Replication with this type of analysis is inherently difficult, because linear dependence is numerically unstable. Very minor numerical changes (Like floating-point discrepancies) can alter the results slightly. (See [this comment](https://www.lesswrong.com/posts/mkbGjzxD8d8XqKHzA/the-singular-value-decompositions-of-transformer-weight?commentId=4e8534hbyWCpZFgFD)) So don't worry if you don't get exactly the same results on different devices - this is, unfortunately, expected. Try to stick to the same device for all your experiments and be sure to point out which one you used when writing them up. (And if anyone has a more stable way to get these results, [let us know](https://github.com/TransformerLensOrg/TransformerLens/issues)!)

In [10]:
model = HookedTransformer.from_pretrained("gpt2-medium", fold_ln=False, center_writing_weights=False, center_unembed=False)

Using pad_token, but it is not set yet.


Loaded pretrained model gpt2-medium into HookedTransformer


In [11]:
all_tokens = [model.to_str_tokens(np.array([i])) for i in range(model.cfg.d_vocab)]
all_tokens = [all_tokens[i][0] for i in range(model.cfg.d_vocab)]

# Utility function to plot values in the same style as the Conjecture post.
def plot_matrix(matrix, tokens, k=10, filter="topk"):
  pysvelte.TopKTable(tokens=all_tokens, activations=matrix, obj_type="SVD direction", k=k, filter=filter).show()

In [12]:
svd_interpreter = SVDInterpreter(model)

ov = svd_interpreter.get_singular_vectors('OV', layer_index=22, head_index=10)
w_in = svd_interpreter.get_singular_vectors('w_in', layer_index=20)
w_out = svd_interpreter.get_singular_vectors('w_out', layer_index=16)

plot_matrix(ov, all_tokens)
plot_matrix(w_in, all_tokens)
plot_matrix(w_out, all_tokens)


To copy construct from a tensor, it is recommended to use sourceTensor.clone().detach() or sourceTensor.clone().detach().requires_grad_(True), rather than torch.tensor(sourceTensor).



Currently, this is the extent of our support for SVD interpretability. However, this is a very new idea, and we're excited to see how people use it! If you find an interesting use for this type of research that we don't cover, feel free to [open a ticket](https://github.com/TransformerLensOrg/TransformerLens/issues) or contact the code's author at jaybaileycs@gmail.com.

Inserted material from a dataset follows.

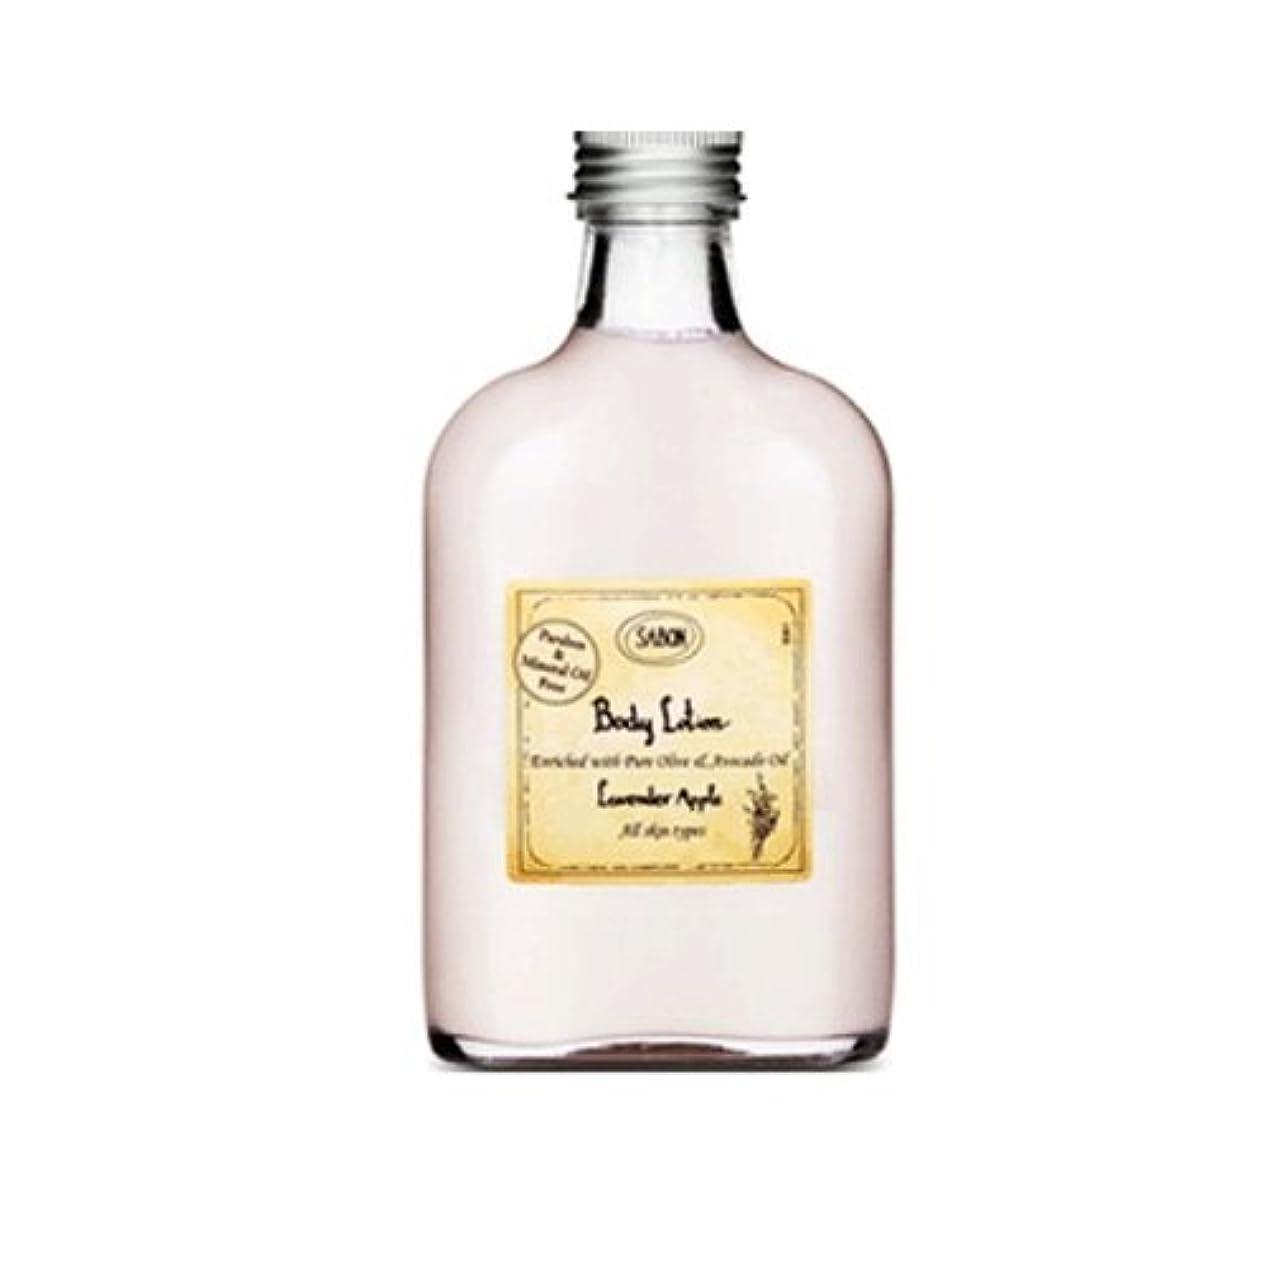 【サボン】ボディローション ラベンダーアップル (ボトル) 200ml [並行輸入品]
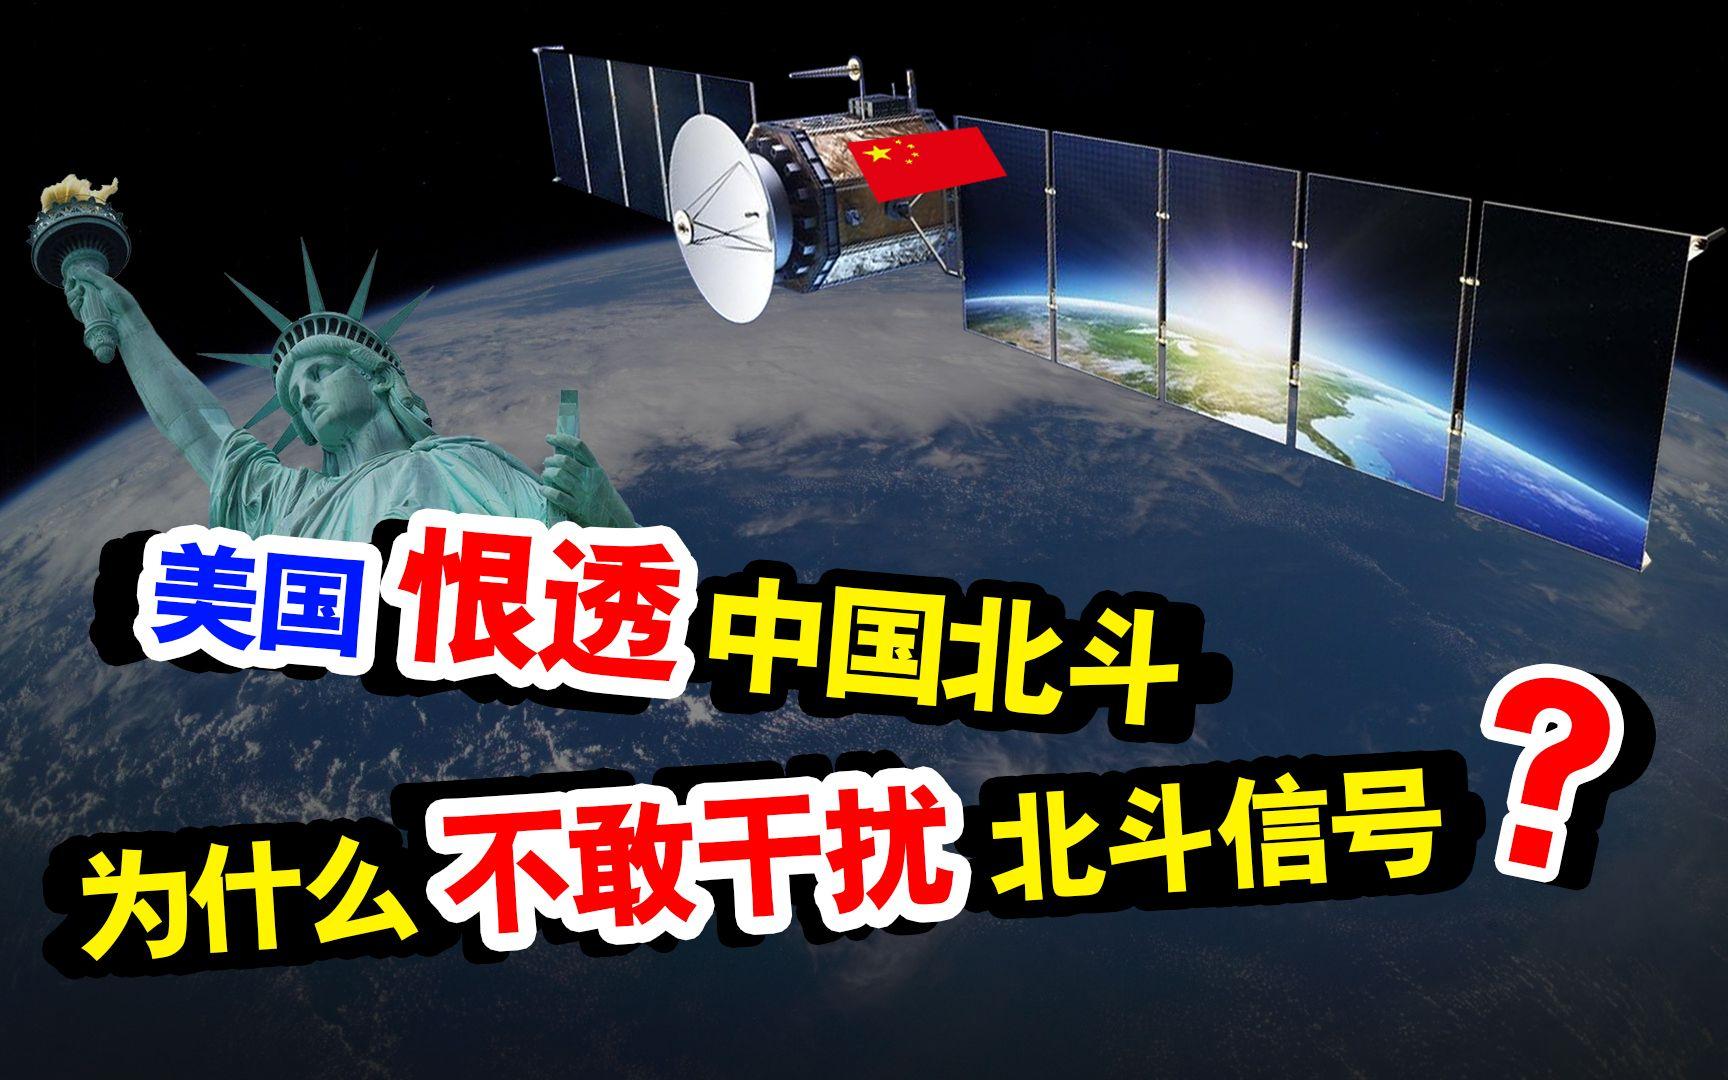 美国对中国北斗恨之入骨, 竟然没有胆量对中国北斗卫星下手?

One thing I'd love to see that basically anyone who followed this demo could get started with (I'd consider it an **A-level problem** from Neel's [Concrete Open Problems sequence](https://www.lesswrong.com/s/yivyHaCAmMJ3CqSyj)) is to try different combinations of model parameters (fold_ln, center_writing_weights, center_unembed) and see which ones lead to big changes in the interpretability of the SVD matrices. 

Are these changes positive, or negative? Can you pick any set of parameters you want? Are different parameters more or less interpretable in general, or does it vary by head and layer? Can you get two different interpretations of the same head with different parameters? What else can you find? This is very low-hanging fruit that would be immediately tractable and immediately useful!